We had several posts covering this, with my colleague Danilo Poccia’s sharing the news in Amazon Managed Grafana Is Now Generally Available with Many New Features. The GA announcement saw plenty of additional new features, and in the post, Amazon Managed Grafana is now Generally Available, Imaya Kumar Jagannathan and Michael Hausenblas dive a little deeper into the launch, including the new features that have been added.
Sunil Ramachandra and Roy Rodan walk you through the steps required to integrate your identity provider with Amazon Managed Grafana, in the post Amazon Managed Grafana supports direct SAML integration with identity providers. They show you how you can assign users and appropriate roles through your identity provider so that your users can seamlessly authenticate into the Amazon Managed Grafana environment to visualise and monitor your workloads and log.
Finally, we had Julia Hu, Matthieu Fuzellier, Srikanth Kodali, and Yuxin Yang collaborate on this post, How to use InfluxDB and Grafana to visualize ML output with AWS IoT Greengrass where they show how to build an end-to-end workflow using open source tools with AWS IoT Greengrass version 2 to visualise ML inference results in near real-time on an edge device. [hands on]

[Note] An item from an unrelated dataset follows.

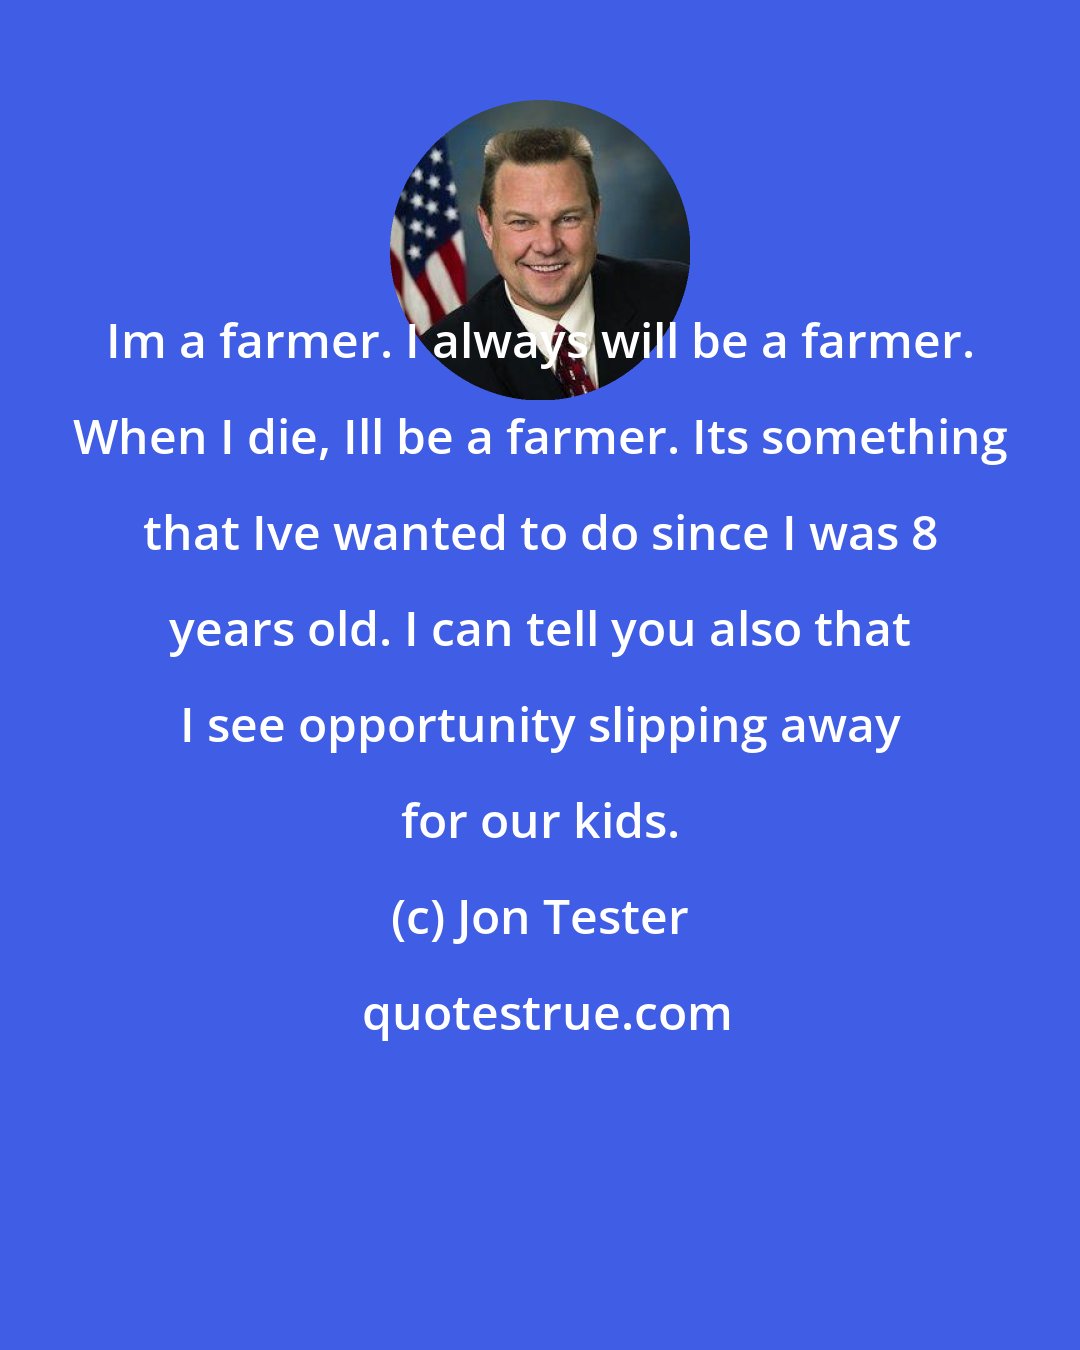 Jon Tester: Im a farmer. I always will be a farmer. When I die, Ill be a farmer. Its something that Ive wanted to do since I was 8 years old. I can tell you also that I see opportunity slipping away for our kids.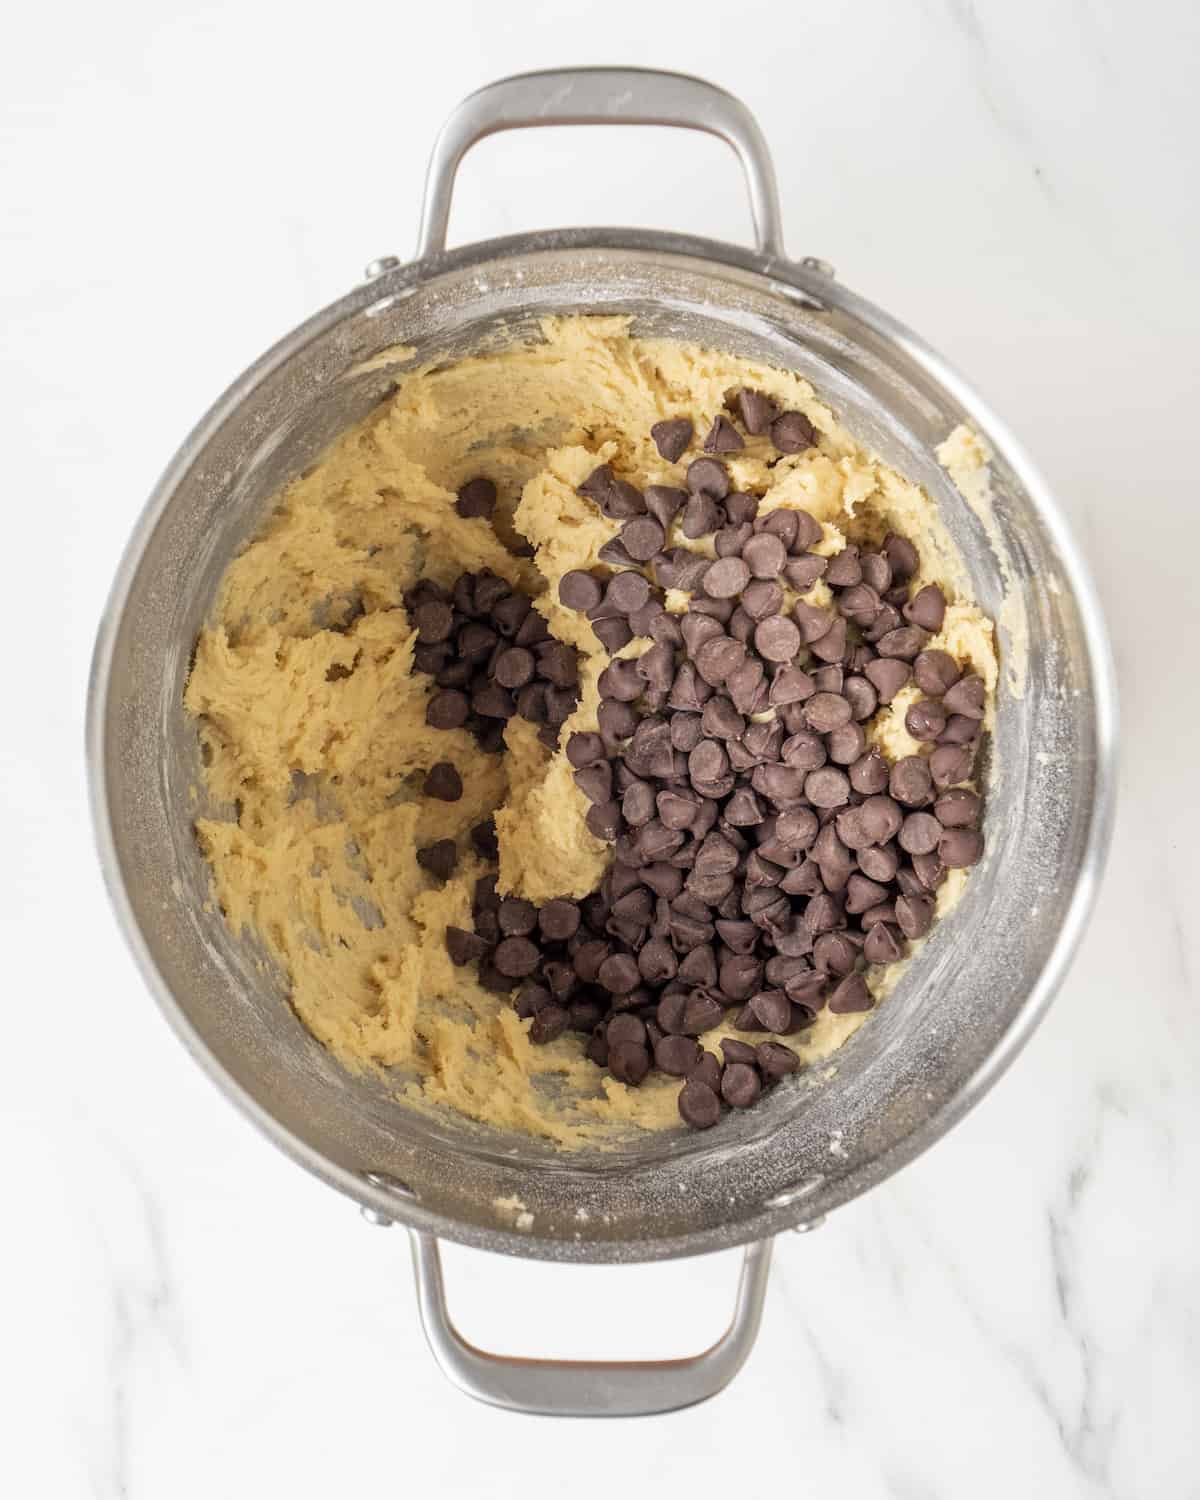 A bowl filled with cookie dough and chocolate chips.

AWS and Community blog posts
Apache Airflow
Mikaela Pisani has put together this blog post, How to run Airflow, Spark, & Apache Livy in AWS EKS, where she walks you through each of these open source components and then how you can run them on Amazon EKS to address some specific results such as scalability, traceability, isolation and speed of processing.
Debezium / Apache Kafka
Debezium is an open source distributed platform for change data capture. Bhuvanesh R shares his experiences (and helps you avoid the issues he came across) as he walks you through how to integrate Debezium with AWS Managed Streaming for Kafka IAM authentication, in his post Debezium With AWS MSK IAM Authentication. [hands on]
PostgreSQL
Gopalakrishnan Subramanian and Satheesh Kumar explain how to combine HAProxy with a lightweight connection pool handler PgBouncer as a sidecar to load balance the connections to Aurora reader nodes in the blog post, Set up highly available PgBouncer and HAProxy with Amazon Aurora PostgreSQL readers [hands on]
Amazon ECS
John Preston is back with more blogging goodness, this time helping you to get Traefik up and running within your Amazon ECS environments in, Traefik Proxy in AWS with AWS ECS - Part 1. When I asked John what Traefik was, he pointed me to the project page but did say that this project “makes network boring” - anything that makes anything boring, also makes my life easier, so make sure you check this post out. John’s post are always great to read. [hands on]
Kubernetes
The VPC Container Networking Interface (CNI) Plugin is the open source component that provides a networking plugin for pod networking in Kubernetes using Elastic Network Interfaces on AWS. In the post, Amazon VPC CNI plugin increases pods per node limits, Sheetal Joshi, Mike Stefaniak, and Jayanth Varavani walk you through some recent enhancements that improve capacity and dive deep into the details of the implementation.
Packer
Packer is an open-source tool developed by HashiCorp for creating identical machine images for multiple platforms from a single source configuration. In this post, Migrating from HashiCorp Packer to EC2 Image Builder, Vimal Bagmar, Waleed Sarwari, and Santosh Vallurupalli walk you through how to migrate Packer template build components specifically for commonly used Packer Provisioners, such as Ansible, Chef, Shell, and Files to their corresponding EC2 Image Builder components.
AWS Lambda Powertools
Michael Walmsley provides a great primer on Idempotency in hist post, Making All Your APIs Idempotent. From what it is to why you should care, he also shares how you can use AWS Lambda Powertools for Python to make it easy when creating an idempotent API. [hands on]
Flutter
Want to know what a BLoc pattern is? I was certainly curious, and in this post, Using the Flutter BLoC Pattern with AWS Amplify Datastore my good friend Derek Bingham walks you through an example of the BLoC pattern, how you can use it to improve your use of AWS Amplify Datastore API calls, to be a lot cleaner and so easier to maintain. [hands on]
GraphQL
One of my favourite posts in recent weeks, Ali Spittel has put together A Complete Beginner’s Guide to GraphQL which will get you up and running quickly on this topic.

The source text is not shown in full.